We can often improve performance by specifying more information. In our case the text columns in our dataset happen to have fixed lengths (they are just hash values.) By specifying these lengths explicilty we help BColz store and retrieve the data more effectively. We specify this additional information with a datashape
specifying the column types exactly.
In just a moment we'll talk about how to automatically detect datashapes.
ds = dshape("""var * {
medallion: string[32, 'ascii'],
hack_license: string[32, 'ascii'],
vendor_id: string[3, 'ascii'],
rate_code: int32,
store_and_fwd_flag: string[1, 'ascii'],
pickup_datetime: datetime,
dropoff_datetime: datetime,
passenger_count: int32,
trip_time_in_secs: int32,
trip_distance: float64,
pickup_longitude: float64,
pickup_latitude: float64,
dropoff_longitude: float64,
dropoff_latitude: float64
}""")
# Drop old version
drop('trip_data.bcolz')
# Migrate data
%time into('trip_data.bcolz', 'trip_data_*.csv', dshape=ds)

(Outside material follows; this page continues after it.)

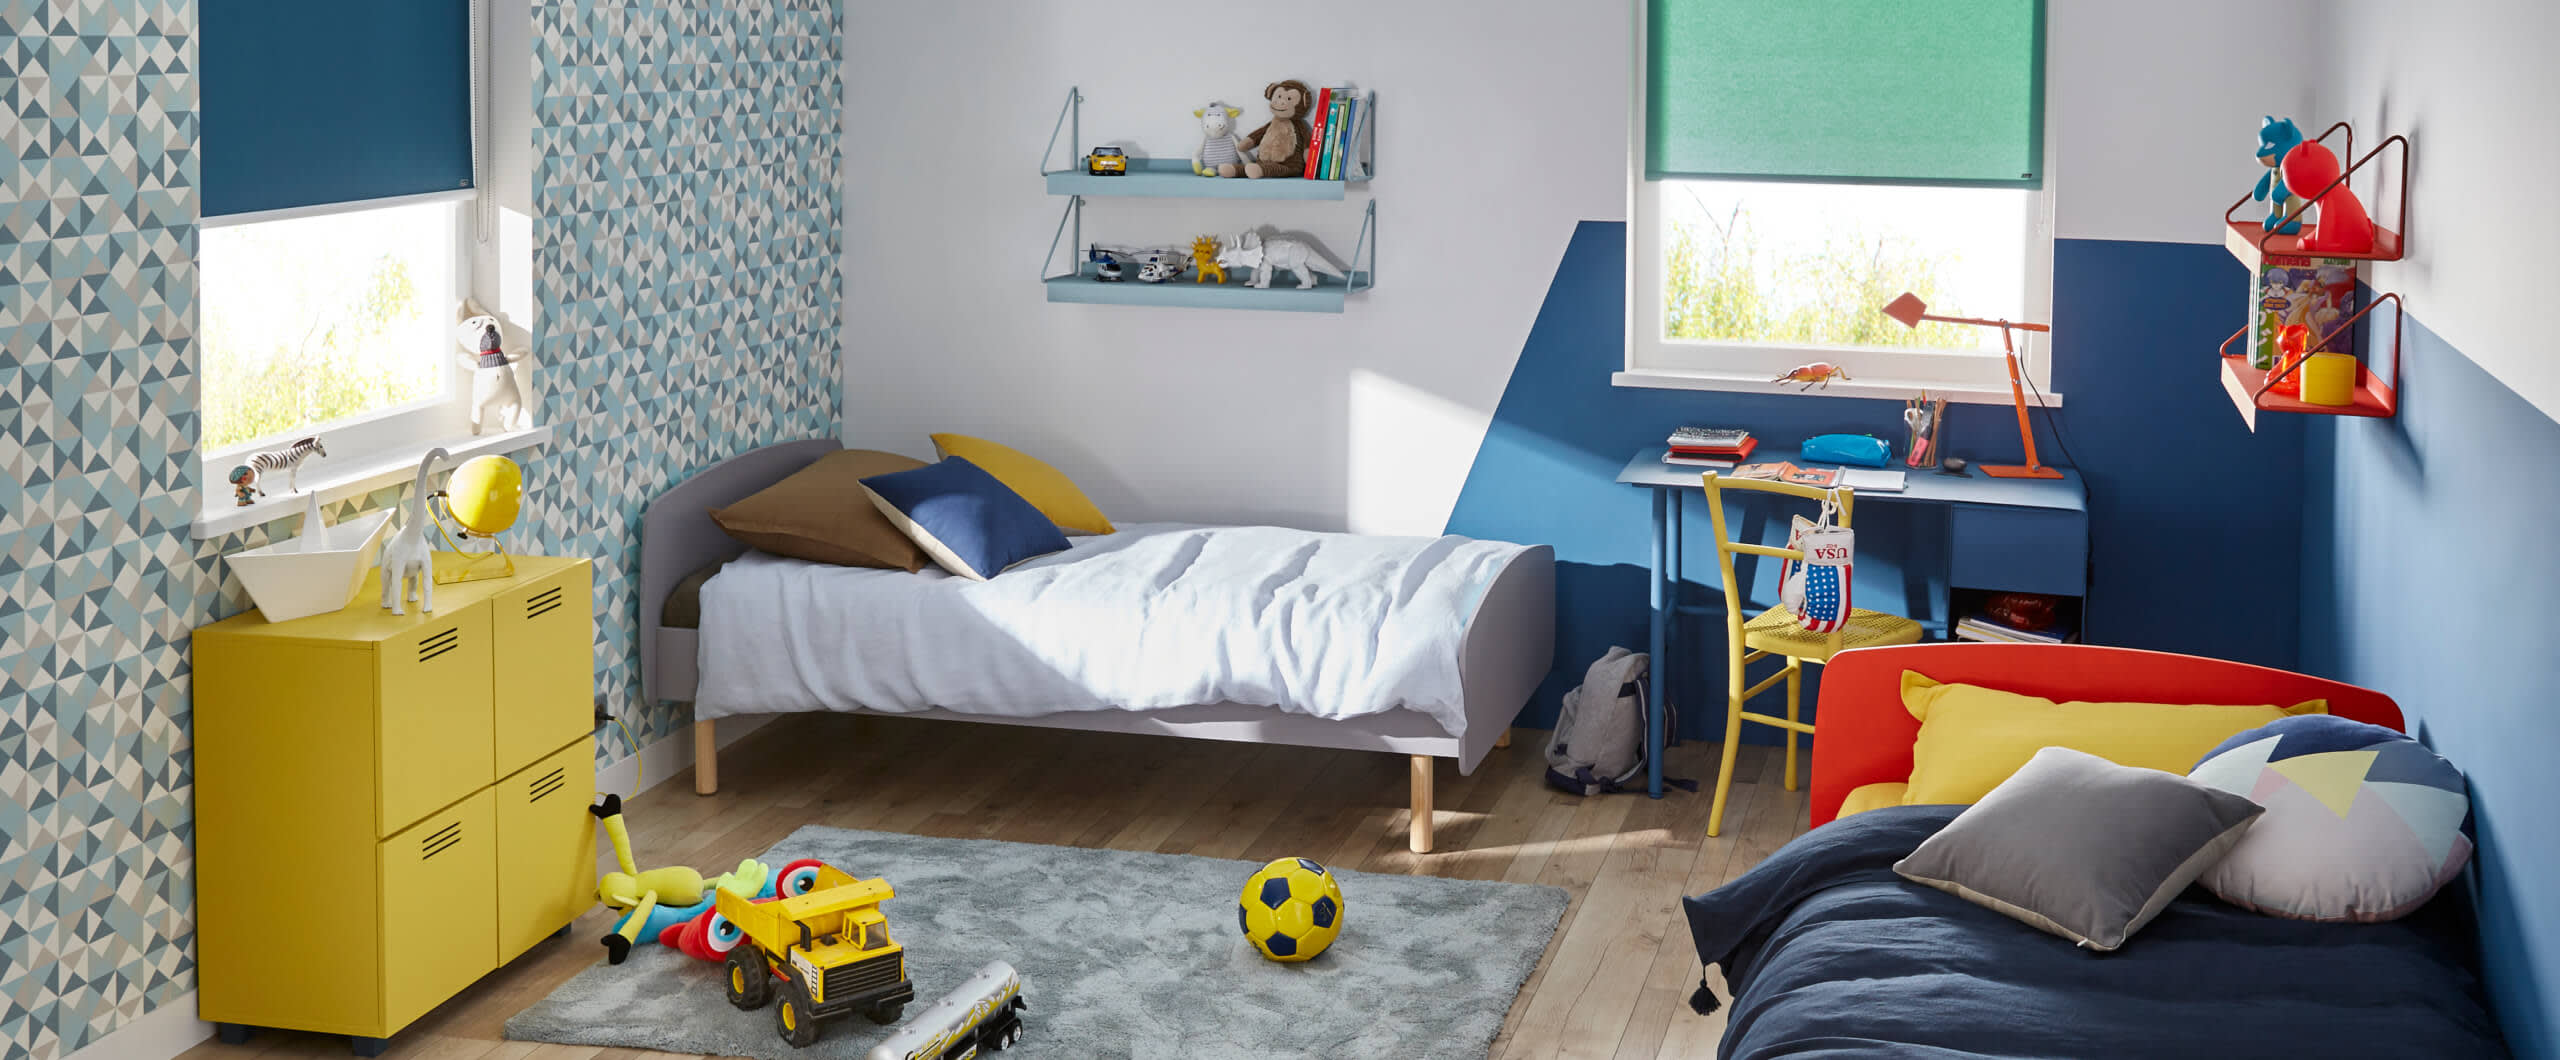 Optimiser une chambre pour 2 enfants : Saint Maclou | Saint Maclou

CPU times: user 16min 16s, sys: 1min 54s, total: 18min 10s Wall time: 19min 15s
ctable((173179759,), [('medallion', 'S32'), ('hack_license', 'S32'), ('vendor_id', 'S3'), ('rate_code', '<i4'), ('store_and_fwd_flag', 'S1'), ('pickup_datetime', '<M8[us]'), ('dropoff_datetime', '<M8[us]'), ('passenger_count', '<i4'), ('trip_time_in_secs', '<i4'), ('trip_distance', '<f8'), ('pickup_longitude', '<f8'), ('pickup_latitude', '<f8'), ('dropoff_longitude', '<f8'), ('dropoff_latitude', '<f8')]) nbytes: 21.93 GB; cbytes: 16.43 GB; ratio: 1.34 cparams := cparams(clevel=5, shuffle=True, cname='blosclz') rootdir := 'trip_data.bcolz' [ ('89D227B655E5C82AECF13C3F540D4CF4', 'BA96DE419E711691B9445D6A6307C170', 'CMT', 1, 'N', datetime.datetime(2013, 1, 1, 15, 11, 48), datetime.datetime(2013, 1, 1, 15, 18, 10), 4, 382, 1.0, -73.978165, 40.757977000000004, -73.989838, 40.751171) ('0BD7C8F5BA12B88E0B67BED28BEA73D8', '9FD8F69F0804BDB5549F40E9DA1BE472', 'CMT', 1, 'N', datetime.datetime(2013, 1, 6, 0, 18, 35), datetime.datetime(2013, 1, 6, 0, 22, 54), 1, 259, 1.5, -74.006683, 40.731781, -73.994499, 40.750659999999996) ('0BD7C8F5BA12B88E0B67BED28BEA73D8', '9FD8F69F0804BDB5549F40E9DA1BE472', 'CMT', 1, 'N', datetime.datetime(2013, 1, 5, 18, 49, 41), datetime.datetime(2013, 1, 5, 18, 54, 23), 1, 282, 1.1, -74.004707, 40.737770000000005, -74.009834, 40.726002) ..., ('B9751FE71B59FA04240FE5979963185E', 'DD35F09BF4591EA47D56A56D014B12FD', 'CMT', 1, 'N', datetime.datetime(2013, 9, 6, 16, 17, 12), datetime.datetime(2013, 9, 6, 16, 26, 30), 1, 558, 1.4, -73.954323, 40.781231, -73.967674, 40.762943) ('7C7EA825806A49F10411C1F6656E4B6B', '4B12AC33E74C663162B0850FCE5413E7', 'CMT', 1, 'N', datetime.datetime(2013, 9, 7, 8, 40, 49), datetime.datetime(2013, 9, 7, 9, 0, 3), 1, 1154, 10.8, -74.00057199999999, 40.740673, -73.861877, 40.768436) ('BCC1B5B7D9596FEC872C9DAD725310B3', '246735D51D474F0B3A93F431CE5A3127', 'CMT', 1, 'N', datetime.datetime(2013, 9, 6, 9, 47, 50), datetime.datetime(2013, 9, 6, 10, 2, 24), 1, 874, 2.1, -74.014252, 40.717148, -73.993431, 40.733189)]
Don't worry, we didn't write that by hand. The discover
function gives you the datashape of most anything, including our original CSV files
d = Data('trip_data_*.csv')
discover(d)
dshape("""var * { medallion: string, hack_license: string, vendor_id: string, rate_code: int64, store_and_fwd_flag: ?string, pickup_datetime: datetime, dropoff_datetime: datetime, passenger_count: int64, trip_time_in_secs: int64, trip_distance: float64, pickup_longitude: float64, pickup_latitude: float64, dropoff_longitude: float64, dropoff_latitude: float64 }""")
We just copy-pasted this, rewriting string
with string[32, 'ascii']
in a few places.
Last time we showed that your laptop can easily process 10+GB files using Pandas+ElbowGrease or Pandas+Blaze .
Here we show that using EfficientStorage+Pandas+Blaze your single laptop can process 10+GB files in seconds. Data in this range is quite convenient if you or your tools manage things well.